Moderate Iranian presidential candidate criticizes headscarf policy

Iranian lawmaker MASOUD PEZESHKIAN speaks during a press conference after registering his candidacy on the third day of registration for the Iranian presidential election at the Interior Ministry in Tehran. Rouzbeh Fouladi/ZUMA Press Wire/dpa

The moderate Iranian presidential candidate Masoud Pezeshkian has expressed cautious criticism of the repressive measures used to enforce Iran's headscarf laws.

Today, women are penalized because their clothing does not comply with the regulations, the former health minister said in an interview published on Tuesday in the newspaper Hammihan.

"Were we to blame for not educating them properly, or are they to blame? We are to blame and must solve the problem ourselves."

More and more Iranian women are now deliberately ignoring the strict dress code, something that religious hardliners are trying to combat.

A new law providing for draconian punishments has been passed by parliament, but has not yet come into force. The police stepped up their crackdown on offences in April.

Pezeshkian said that you could not ignore people's rights and expect them to stay quiet. "When people's rights are disregarded, they protest. If we understand this and implement it in society, we can solve the problems."

Iran's Guardian Council, a powerful supervisory body, approved the list of presidential candidates on Sunday. Six politicians are now allowed to run in the election on June 28.

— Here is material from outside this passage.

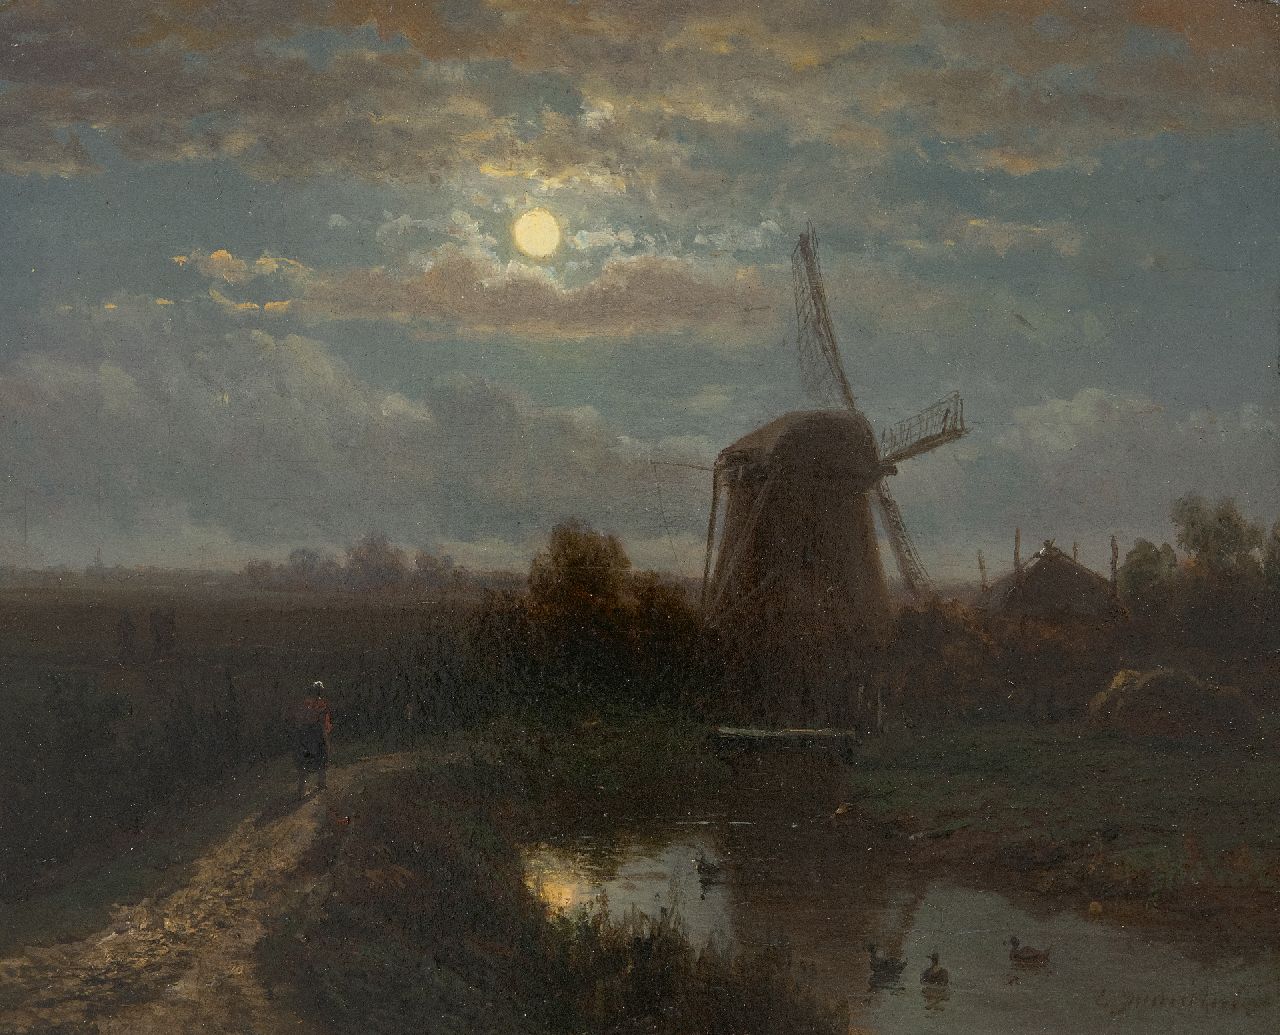 Immerzeel C.  | Christiaan Immerzeel | Paintings offered for sale | Moonlit landscape with a windmill, oil on panel 21.0 x 26.0 cm
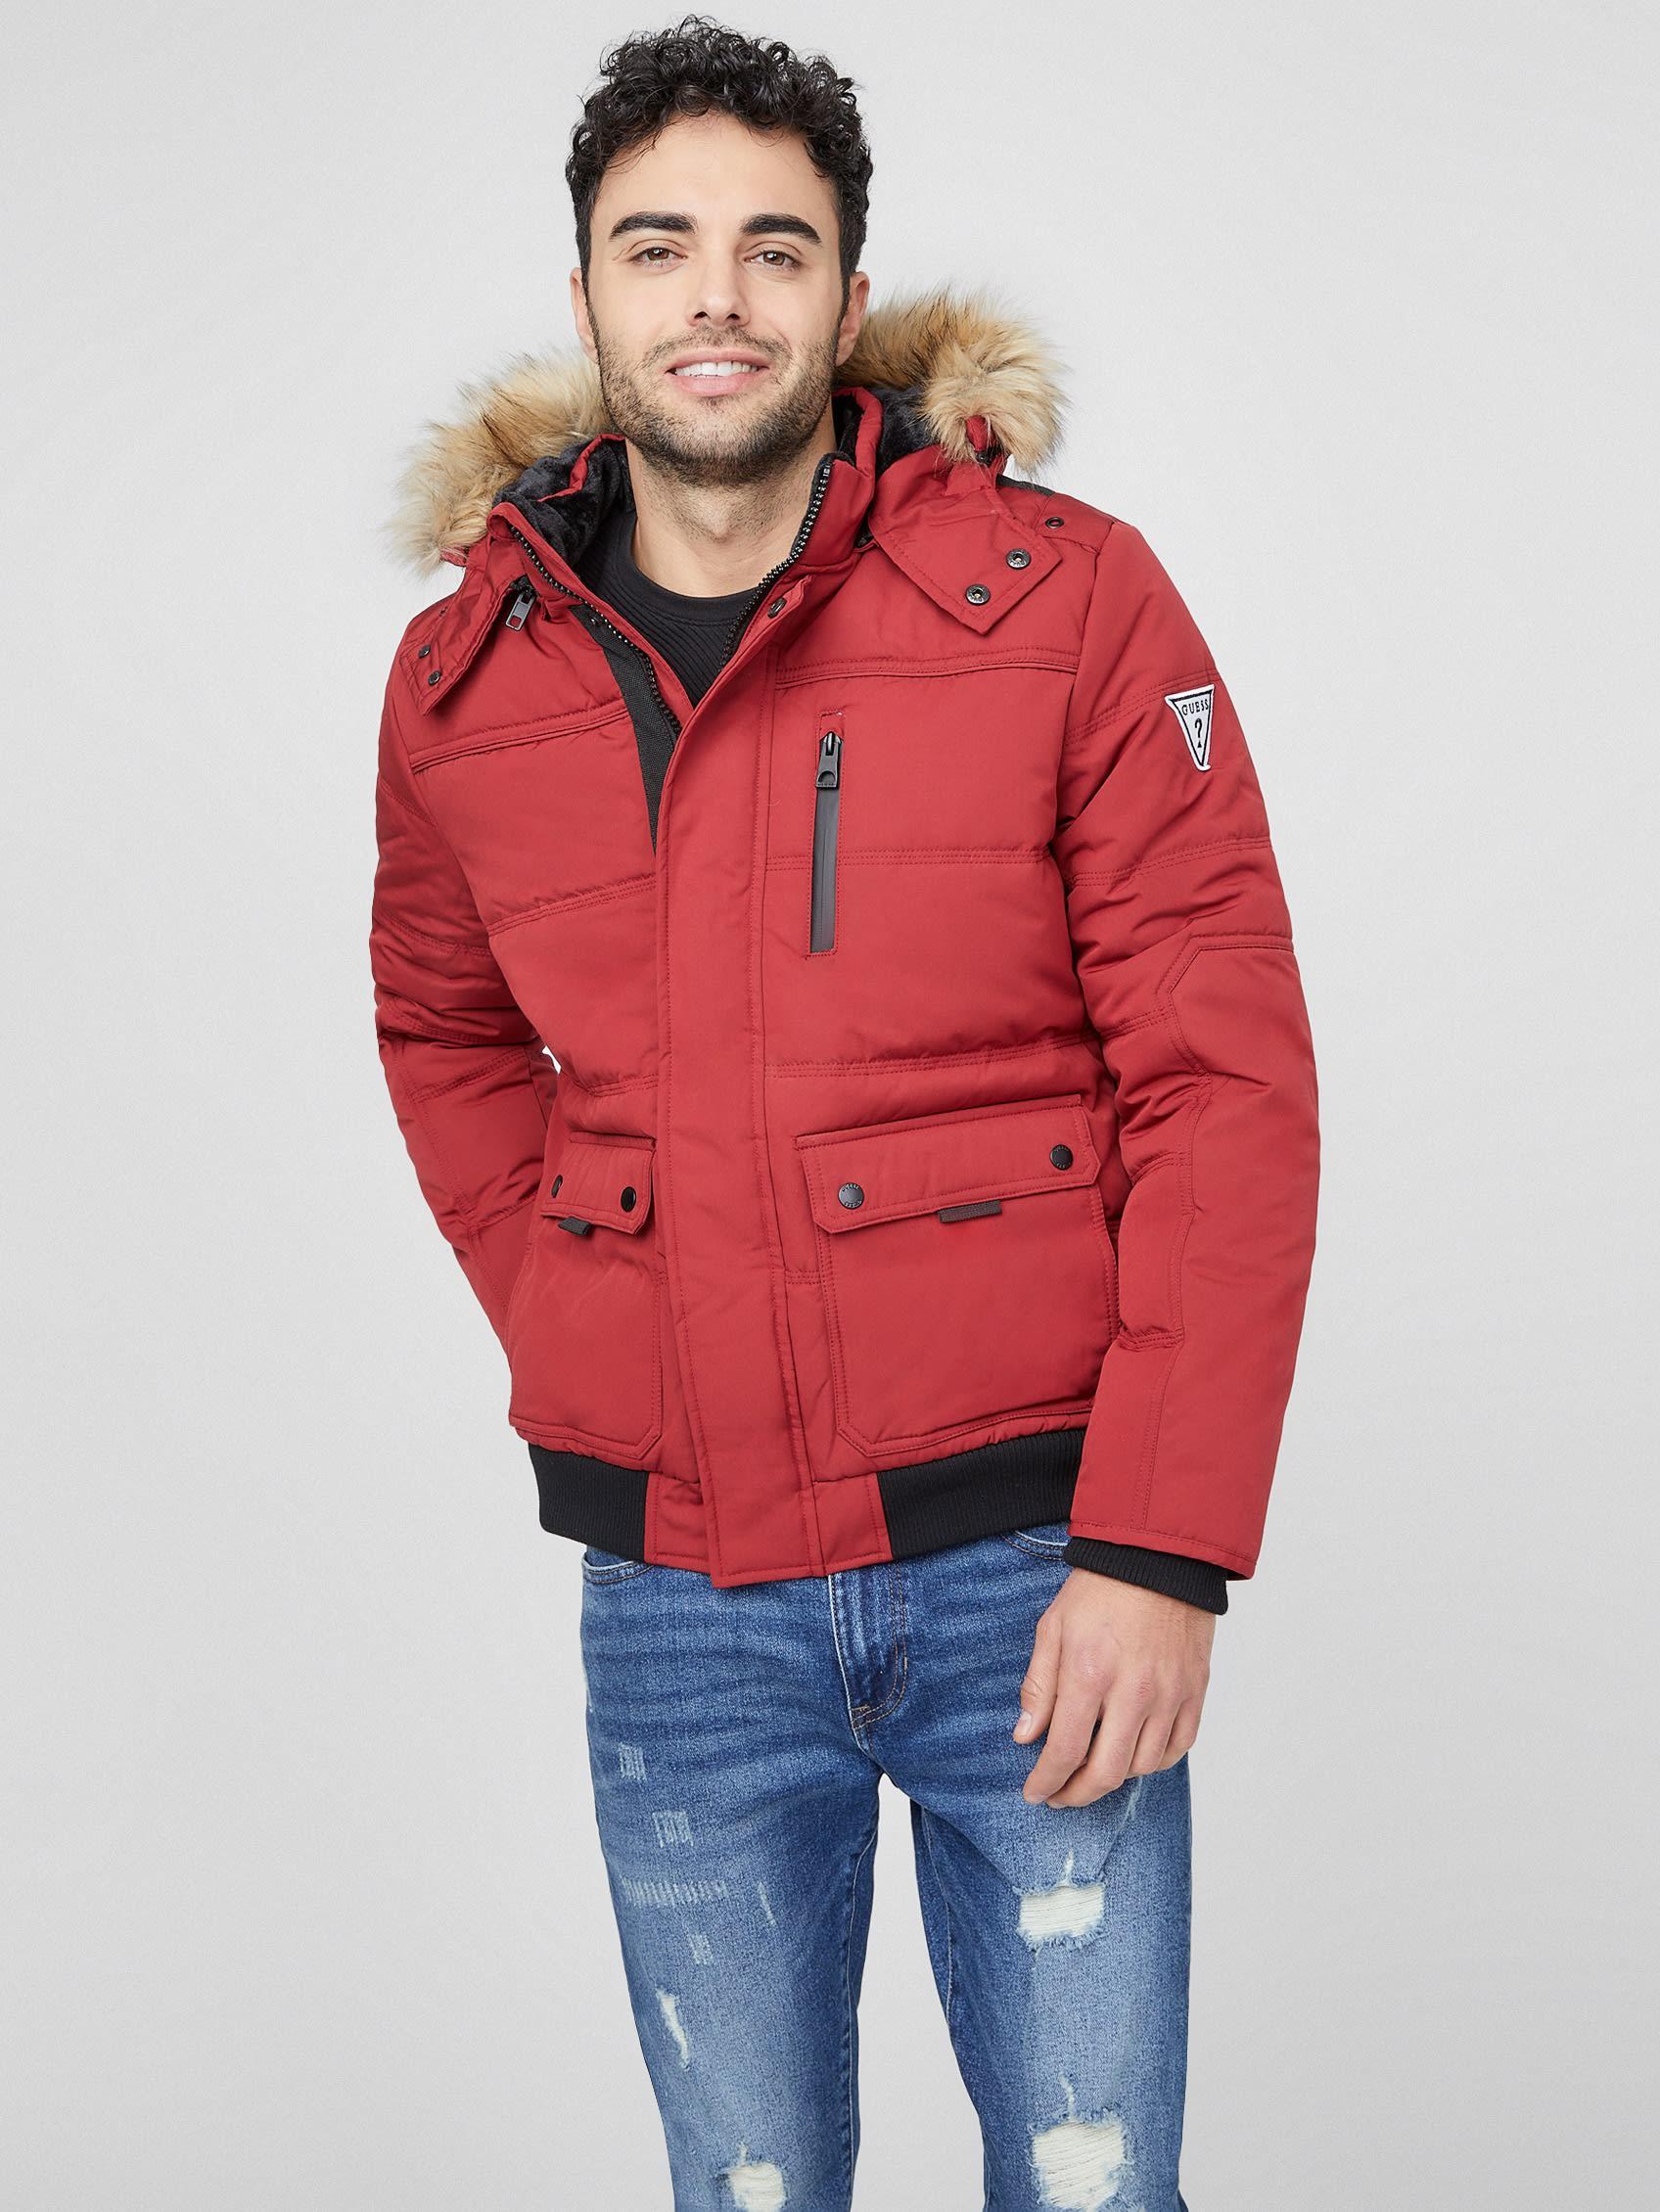 Guess Factory Duncan Jacket in Red for Men | Lyst

Among the conservatives, parliamentary speaker Mohammad Bagher Ghalibaf and Saeed Jalili, a former chief negotiator in the nuclear talks, are considered the leading candidates.

The election follows the death of President Ebrahim Raisi in a helicopter crash on May 19.

Many people in Iran are disillusioned in the face of political repression, an economic crisis and the failed attempts at reform in recent decades.

In the autumn of 2022, the death of the young Kurdish woman, Mahsa Amini sparked nationwide protests against the strict Islamic system of rule. Voter turnout in this year's parliamentary elections reached a record low of around 40%.